GOAL OF THE EXERCISE: Print the line containing "Saranne Oisterwijk - Lunch" and all lines after it, unchanged, through the end of the data. Leave the pictures out.

SOURCE DATA:

======

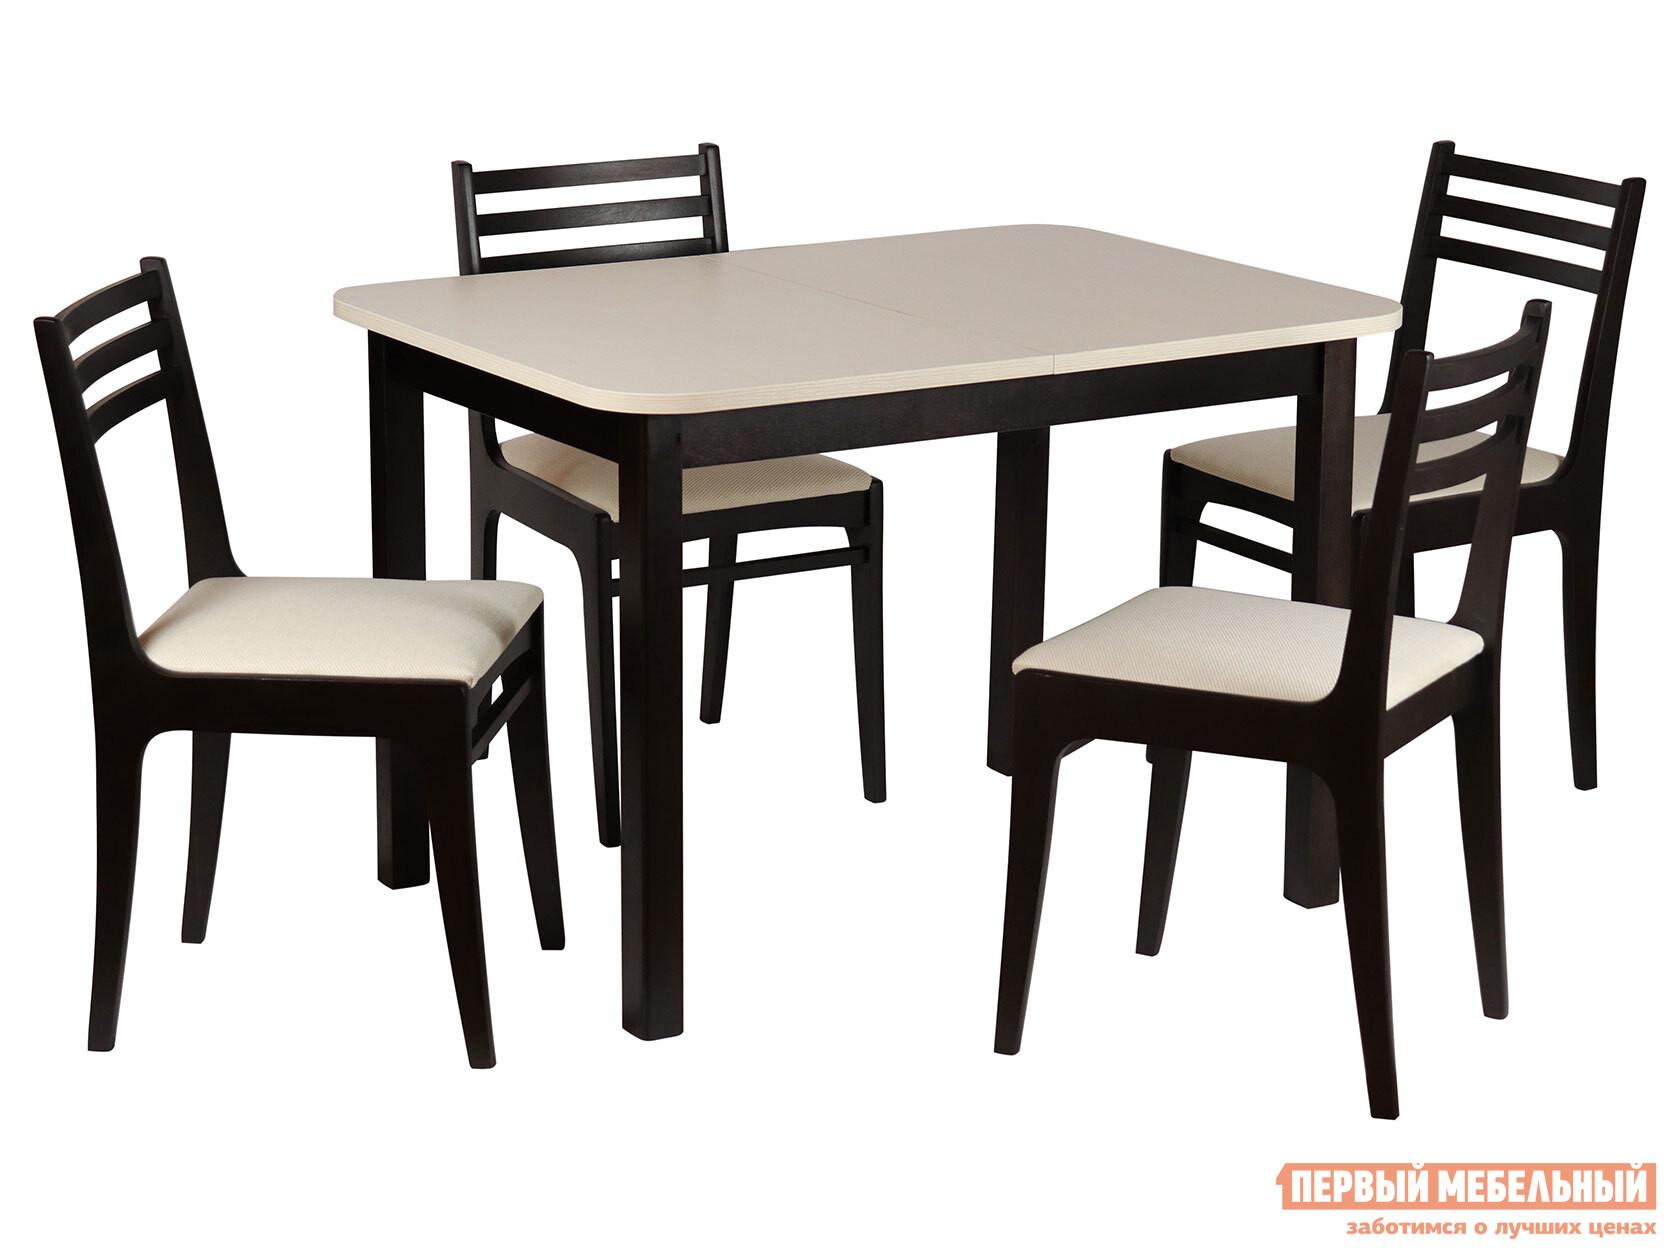 Обеденная группа для столовой и гостиной  Стол Франц СТ03Б1 + 4 стула Грис С8 Венге / Валенсия Аполло беж Mebwill 99069
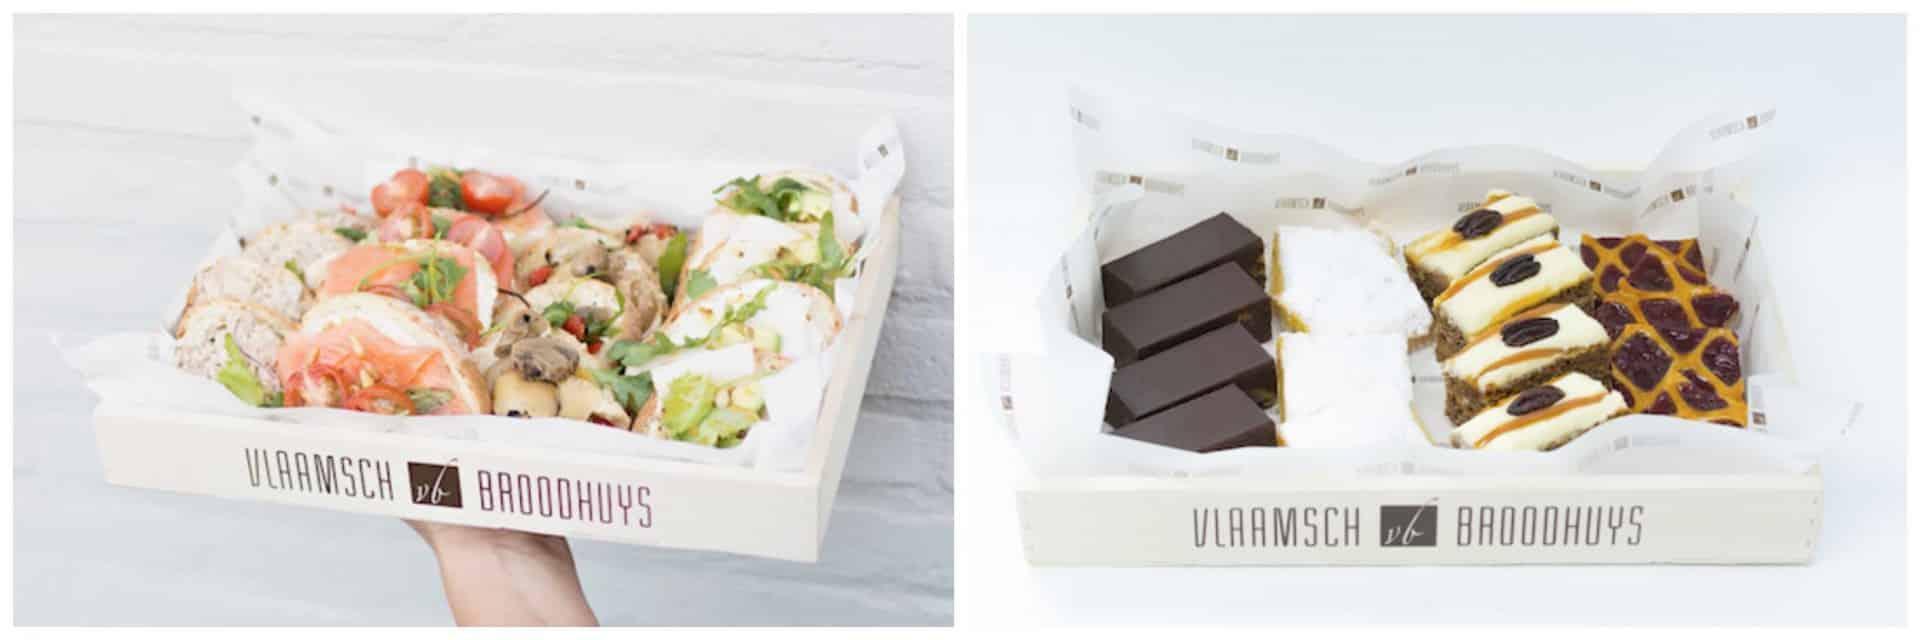 Saranne Oisterwijk - Lunch kistje zoet en boterhammen
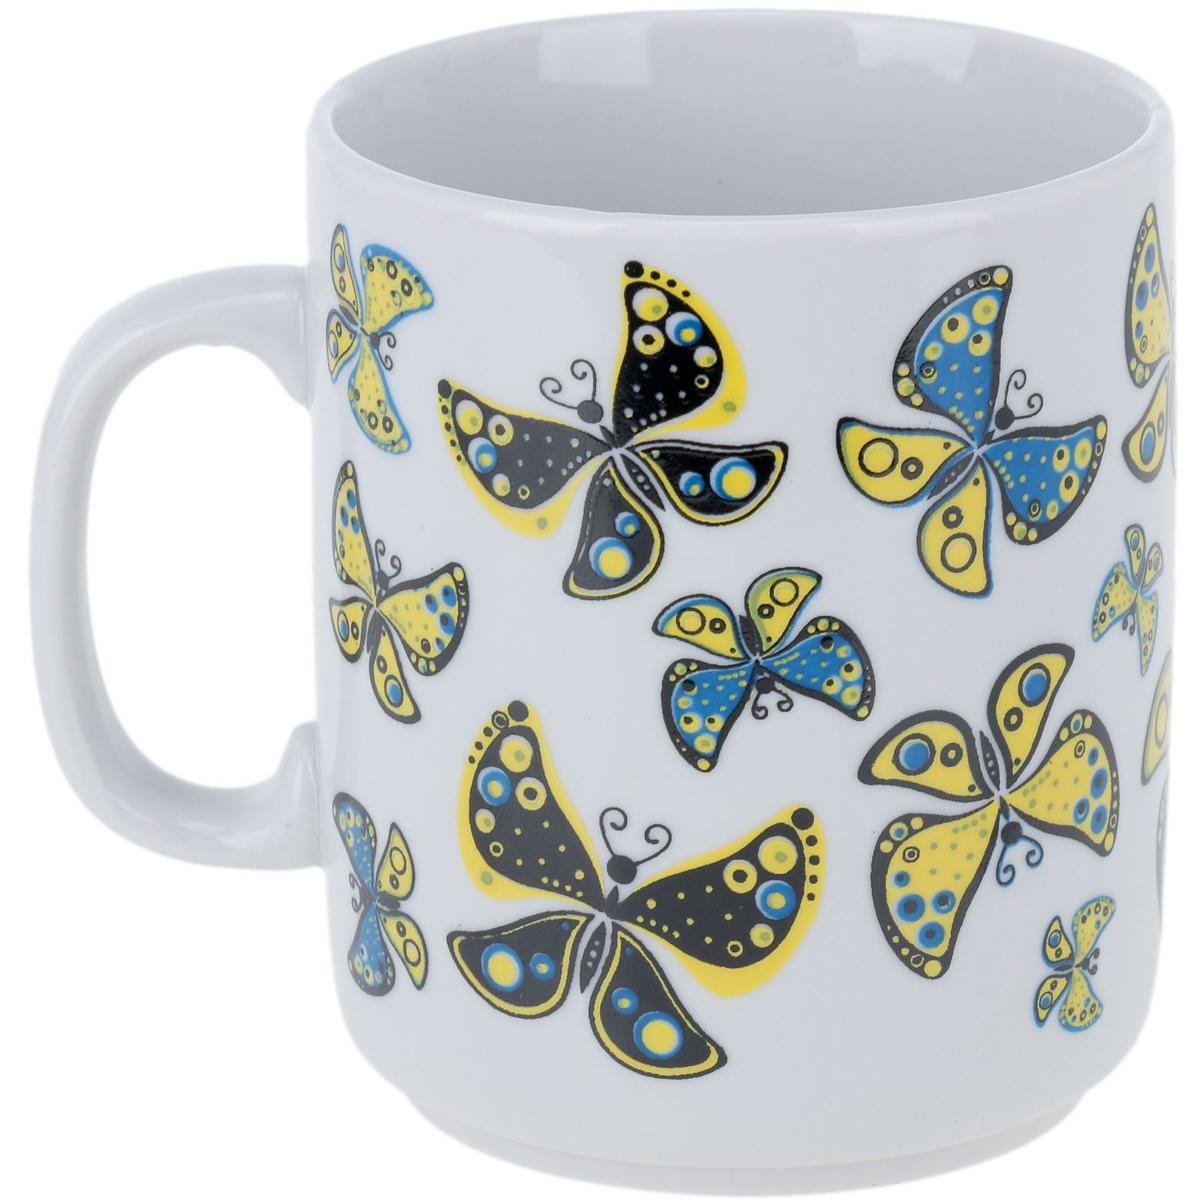 Кружка Фарфор Вербилок Солнечные бабочки, 300 мл. кружка фарфор вербилок розовая лилия 200 мл

======

REPLY:
 Saranne Oisterwijk - Lunch kistje zoet en boterhammen
 Кружка Фарфор Вербилок Солнечные бабочки, 300 мл. кружка фарфор вербилок розовая лилия 200 мл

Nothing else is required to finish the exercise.